**WHAT YOU HAVE TO DO:** Filter the records below and copy every line containing the word "avec".

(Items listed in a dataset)
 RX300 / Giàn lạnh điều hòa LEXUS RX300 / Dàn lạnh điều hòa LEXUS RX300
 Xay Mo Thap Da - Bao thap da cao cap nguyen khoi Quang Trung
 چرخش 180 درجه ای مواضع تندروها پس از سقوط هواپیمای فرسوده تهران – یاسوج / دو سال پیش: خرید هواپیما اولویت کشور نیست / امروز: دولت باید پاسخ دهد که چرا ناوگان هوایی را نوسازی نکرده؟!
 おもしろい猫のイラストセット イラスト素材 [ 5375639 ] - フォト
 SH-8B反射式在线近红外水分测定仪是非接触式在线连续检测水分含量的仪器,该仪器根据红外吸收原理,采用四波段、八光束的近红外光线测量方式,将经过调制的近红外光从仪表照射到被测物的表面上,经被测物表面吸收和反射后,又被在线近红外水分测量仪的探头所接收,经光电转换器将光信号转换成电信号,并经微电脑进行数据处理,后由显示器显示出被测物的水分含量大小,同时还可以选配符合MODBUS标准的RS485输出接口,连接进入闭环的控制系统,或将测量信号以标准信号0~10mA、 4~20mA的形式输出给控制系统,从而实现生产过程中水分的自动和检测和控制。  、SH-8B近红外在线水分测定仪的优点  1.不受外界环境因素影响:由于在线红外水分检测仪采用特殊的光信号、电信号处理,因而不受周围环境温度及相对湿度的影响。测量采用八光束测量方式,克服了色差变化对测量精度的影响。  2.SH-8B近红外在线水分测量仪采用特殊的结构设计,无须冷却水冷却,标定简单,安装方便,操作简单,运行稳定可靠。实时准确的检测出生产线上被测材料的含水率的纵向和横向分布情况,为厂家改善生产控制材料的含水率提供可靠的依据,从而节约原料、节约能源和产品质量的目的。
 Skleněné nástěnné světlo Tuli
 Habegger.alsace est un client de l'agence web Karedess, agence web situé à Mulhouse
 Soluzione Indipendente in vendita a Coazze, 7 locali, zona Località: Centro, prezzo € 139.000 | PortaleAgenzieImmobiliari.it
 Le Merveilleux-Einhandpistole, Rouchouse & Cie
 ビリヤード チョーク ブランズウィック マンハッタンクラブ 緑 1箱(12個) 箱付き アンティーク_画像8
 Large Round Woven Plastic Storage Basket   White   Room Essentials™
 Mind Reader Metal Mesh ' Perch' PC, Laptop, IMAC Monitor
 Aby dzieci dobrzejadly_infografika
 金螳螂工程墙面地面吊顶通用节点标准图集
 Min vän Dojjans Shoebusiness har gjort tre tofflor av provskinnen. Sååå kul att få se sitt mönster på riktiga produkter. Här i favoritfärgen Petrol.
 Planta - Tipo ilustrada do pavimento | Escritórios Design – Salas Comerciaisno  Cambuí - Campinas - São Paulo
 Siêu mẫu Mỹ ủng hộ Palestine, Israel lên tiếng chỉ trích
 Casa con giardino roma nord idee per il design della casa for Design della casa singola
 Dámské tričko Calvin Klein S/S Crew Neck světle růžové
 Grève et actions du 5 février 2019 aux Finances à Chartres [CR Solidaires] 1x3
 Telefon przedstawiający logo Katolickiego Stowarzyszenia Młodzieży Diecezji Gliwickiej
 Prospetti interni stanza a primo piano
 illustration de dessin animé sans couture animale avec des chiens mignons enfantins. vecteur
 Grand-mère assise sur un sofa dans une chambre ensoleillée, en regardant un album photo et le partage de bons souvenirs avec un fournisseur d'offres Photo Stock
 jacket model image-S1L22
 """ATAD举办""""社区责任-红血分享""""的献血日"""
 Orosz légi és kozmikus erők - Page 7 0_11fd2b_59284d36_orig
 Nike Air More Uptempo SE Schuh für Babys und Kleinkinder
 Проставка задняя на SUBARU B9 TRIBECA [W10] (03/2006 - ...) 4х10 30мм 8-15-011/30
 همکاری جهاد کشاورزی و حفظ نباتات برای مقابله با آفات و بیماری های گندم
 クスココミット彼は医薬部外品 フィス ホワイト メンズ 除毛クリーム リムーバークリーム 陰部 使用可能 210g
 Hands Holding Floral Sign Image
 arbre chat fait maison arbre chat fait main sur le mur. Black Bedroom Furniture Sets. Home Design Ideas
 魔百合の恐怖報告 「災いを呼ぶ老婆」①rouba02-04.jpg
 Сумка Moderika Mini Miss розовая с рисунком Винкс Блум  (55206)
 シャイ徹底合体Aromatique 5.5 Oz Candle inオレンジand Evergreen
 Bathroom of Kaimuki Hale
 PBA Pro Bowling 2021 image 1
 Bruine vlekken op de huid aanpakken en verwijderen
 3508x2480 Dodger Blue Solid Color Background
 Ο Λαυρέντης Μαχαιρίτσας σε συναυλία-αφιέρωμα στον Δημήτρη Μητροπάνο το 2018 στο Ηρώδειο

**SOLUTION TO THE EXERCISE:**
 illustration de dessin animé sans couture animale avec des chiens mignons enfantins. vecteur
 Grand-mère assise sur un sofa dans une chambre ensoleillée, en regardant un album photo et le partage de bons souvenirs avec un fournisseur d'offres Photo Stock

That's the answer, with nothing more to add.